What the task asks:
Your reply should reproduce the data below without a single alteration, apart from dropping the images.

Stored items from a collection
___

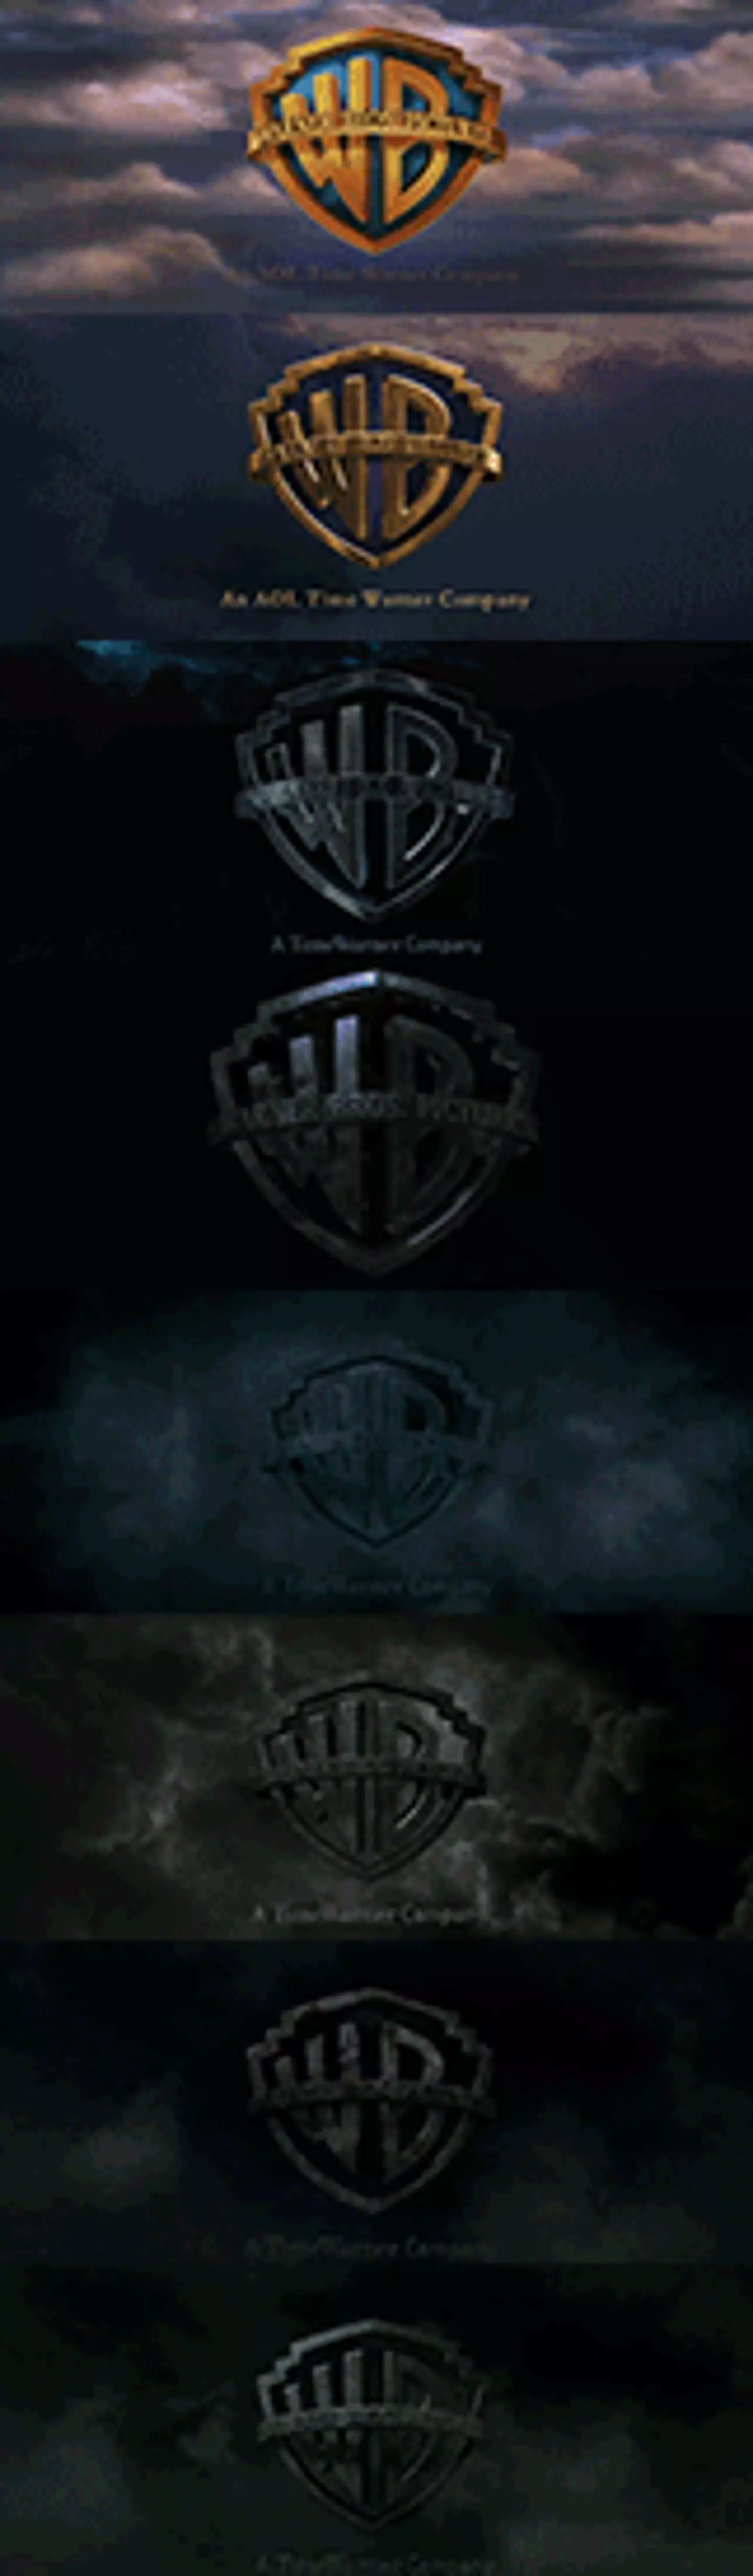 The Warner Bros. logo gets darker and darker with each movie.
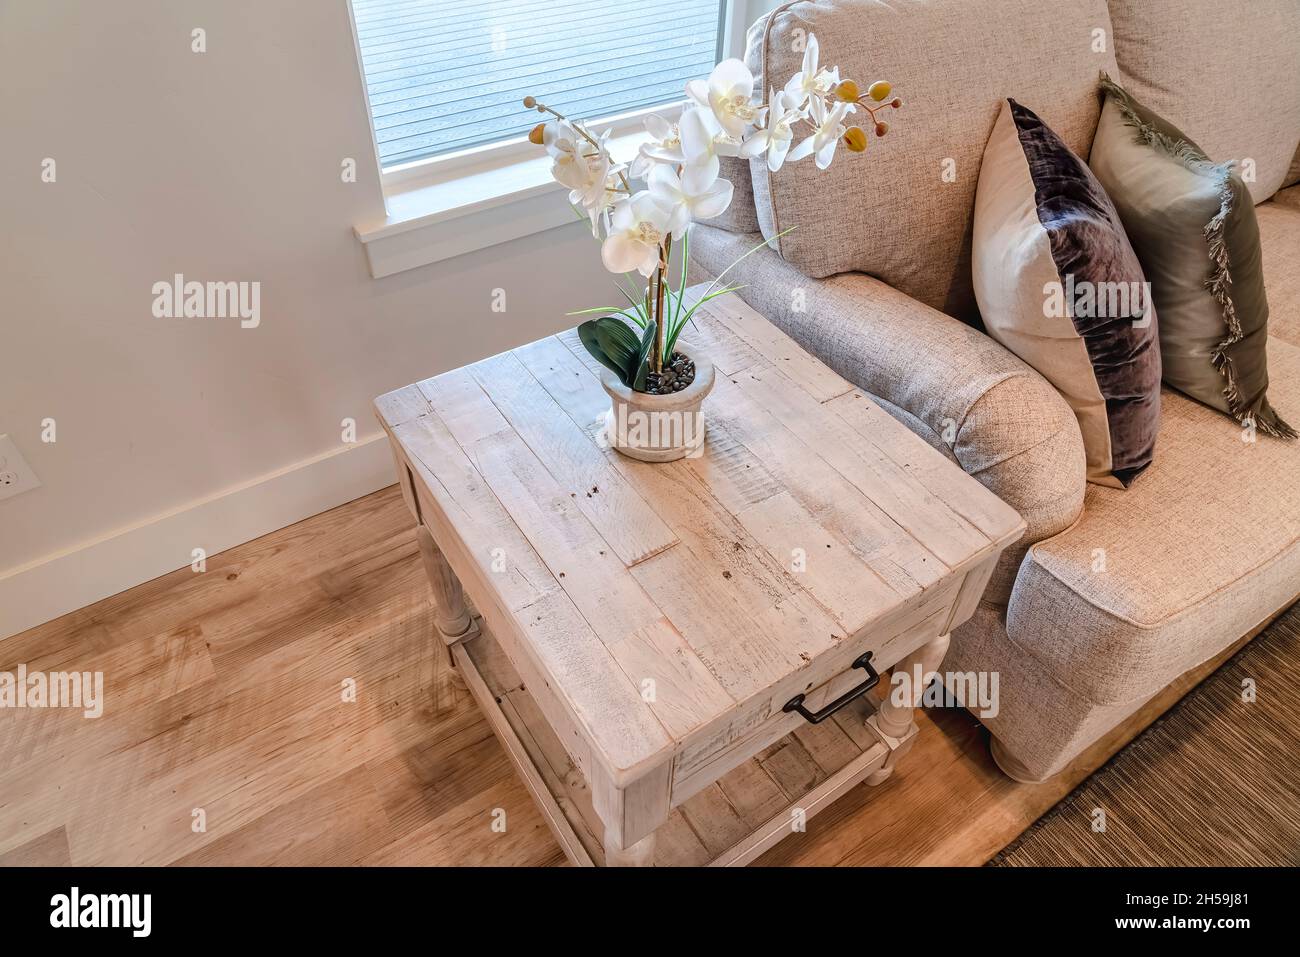 Beistelltisch mit Blume neben dem Sofa am Holzfußboden und Teppich des  Wohnzimmers Stockfotografie - Alamy
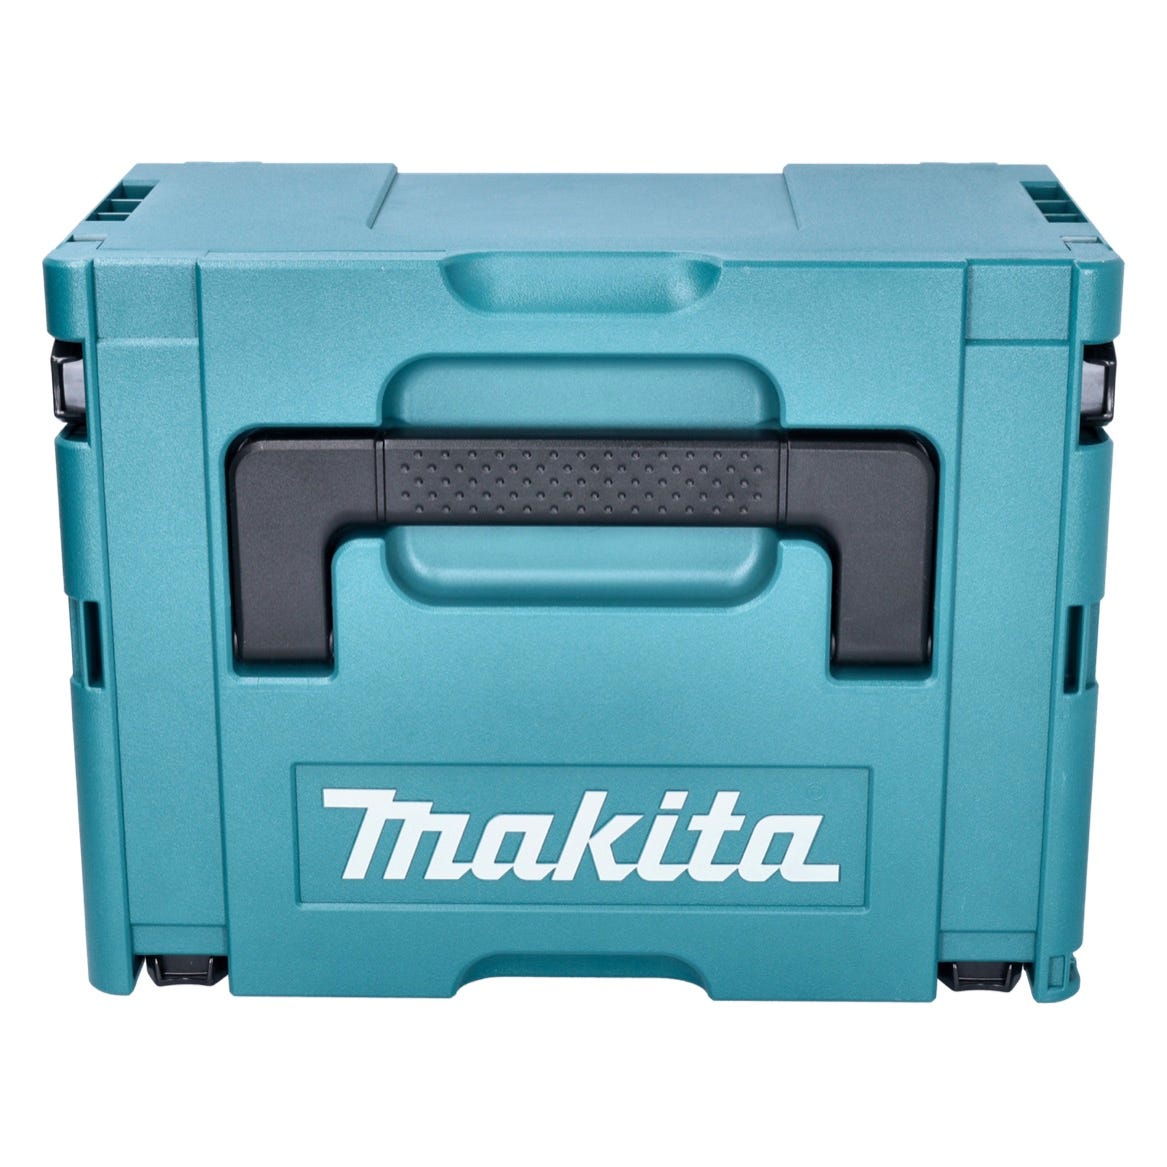 Makita DJS 200 RF1J cisaille à batterie 18 V 2.0 mm sans balais + 1x batterie 3.0 Ah + chargeur + Makpac 2
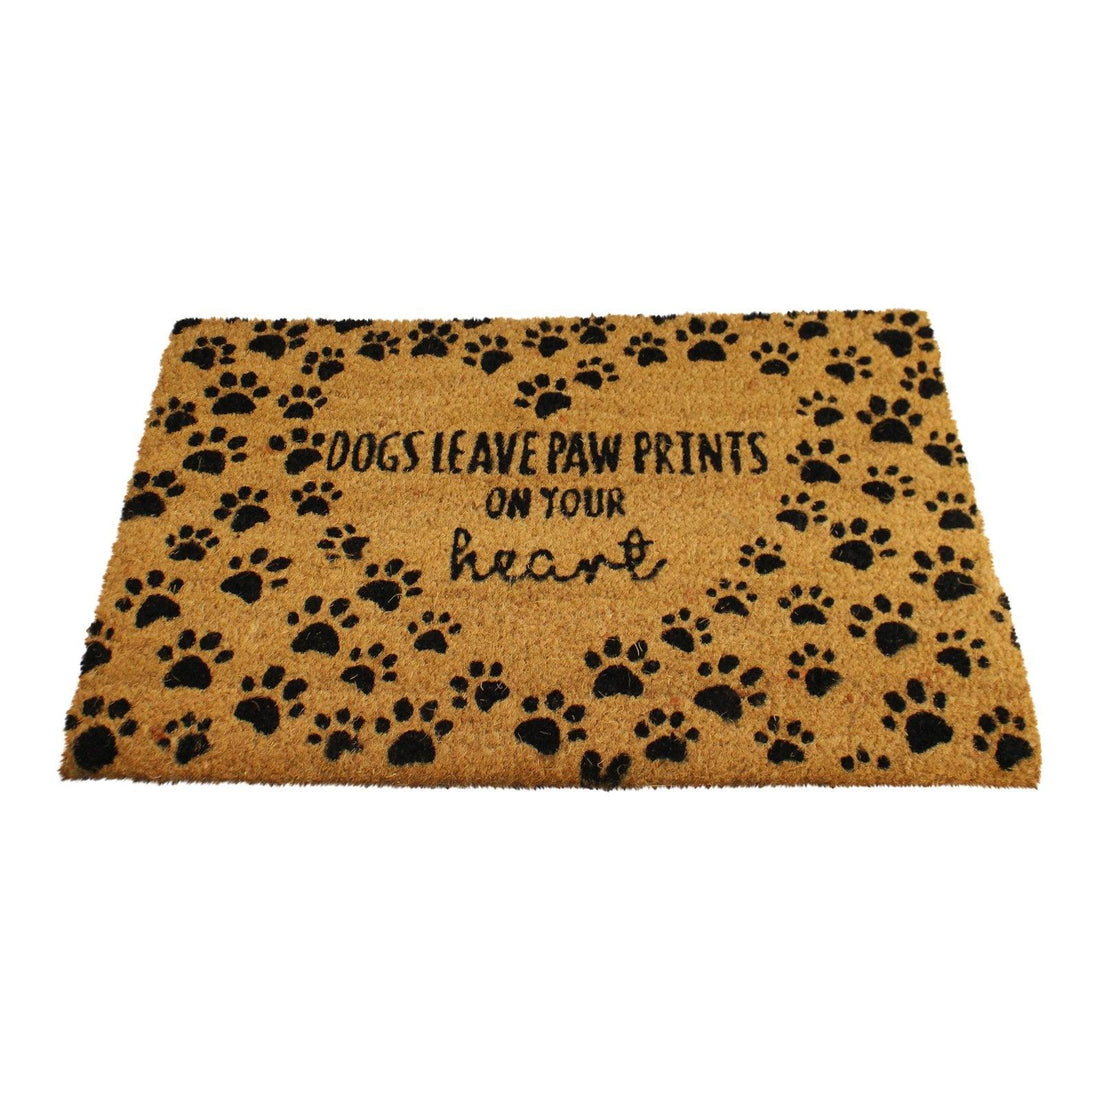 Coir Pet Design Doormat, Dogs - £21.99 - Doormats 
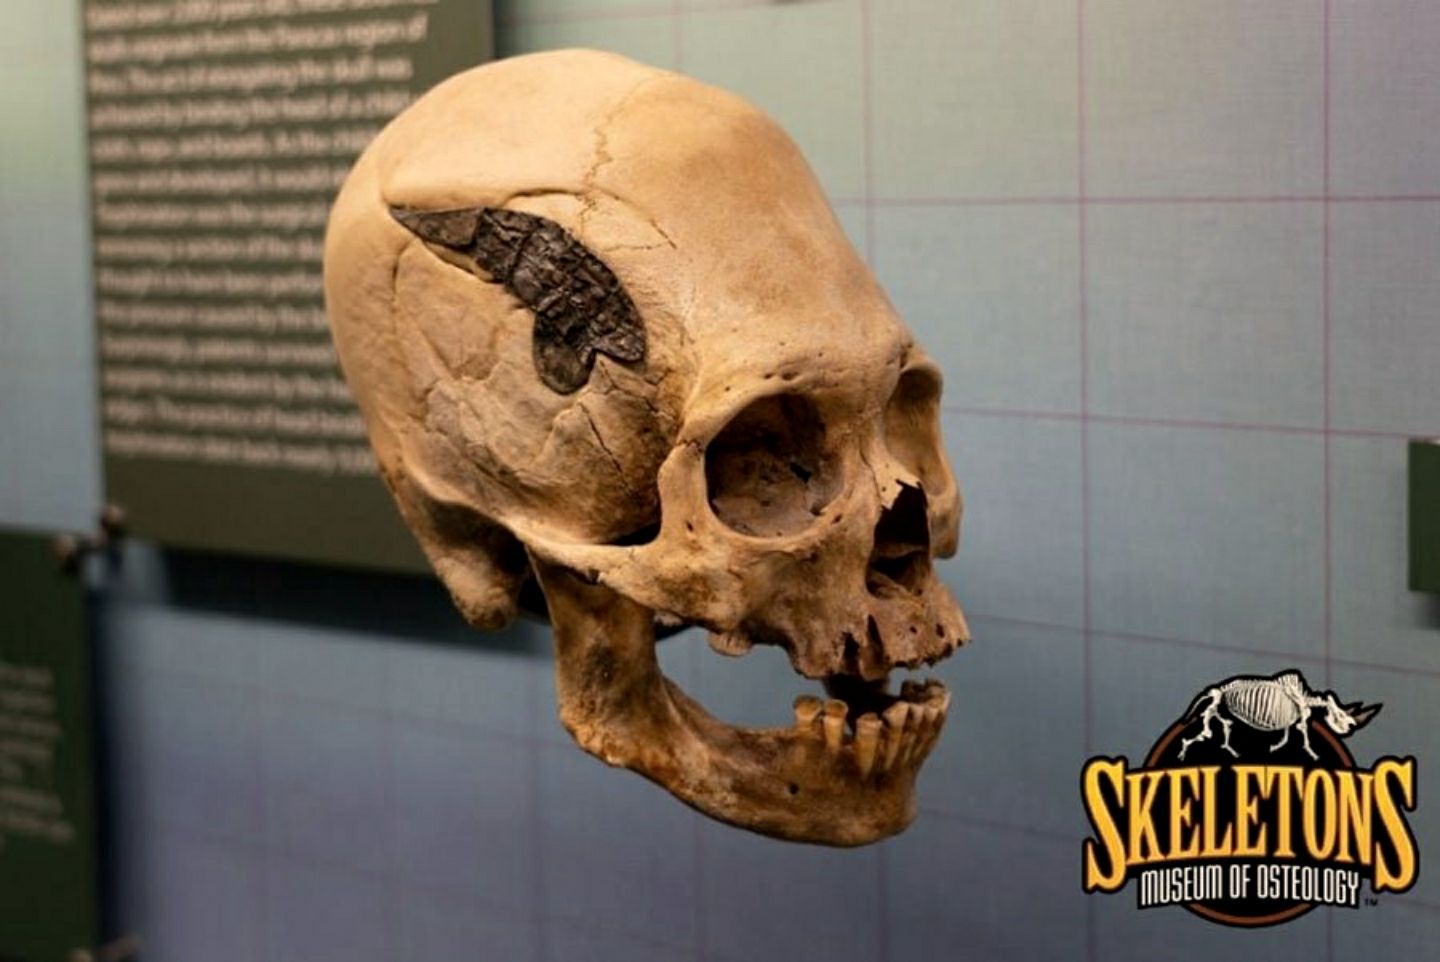 Hộp sọ đến từ Peru này được cấy ghép bằng kim loại. Nếu nó là xác thực thì nó sẽ là một phát hiện có khả năng độc nhất vô nhị từ dãy Andes cổ đại.

___

Reply:
 The Warner Bros. logo gets darker and darker with each movie.
 Beistelltisch mit Blume neben dem Sofa am Holzfußboden und Teppich des  Wohnzimmers Stockfotografie - Alamy
 Makita DJS 200 RF1J cisaille à batterie 18 V 2.0 mm sans balais + 1x batterie 3.0 Ah + chargeur + Makpac 2
 Coir Pet Design Doormat, Dogs - £21.99 - Doormats 
 Hộp sọ đến từ Peru này được cấy ghép bằng kim loại. Nếu nó là xác thực thì nó sẽ là một phát hiện có khả năng độc nhất vô nhị từ dãy Andes cổ đại.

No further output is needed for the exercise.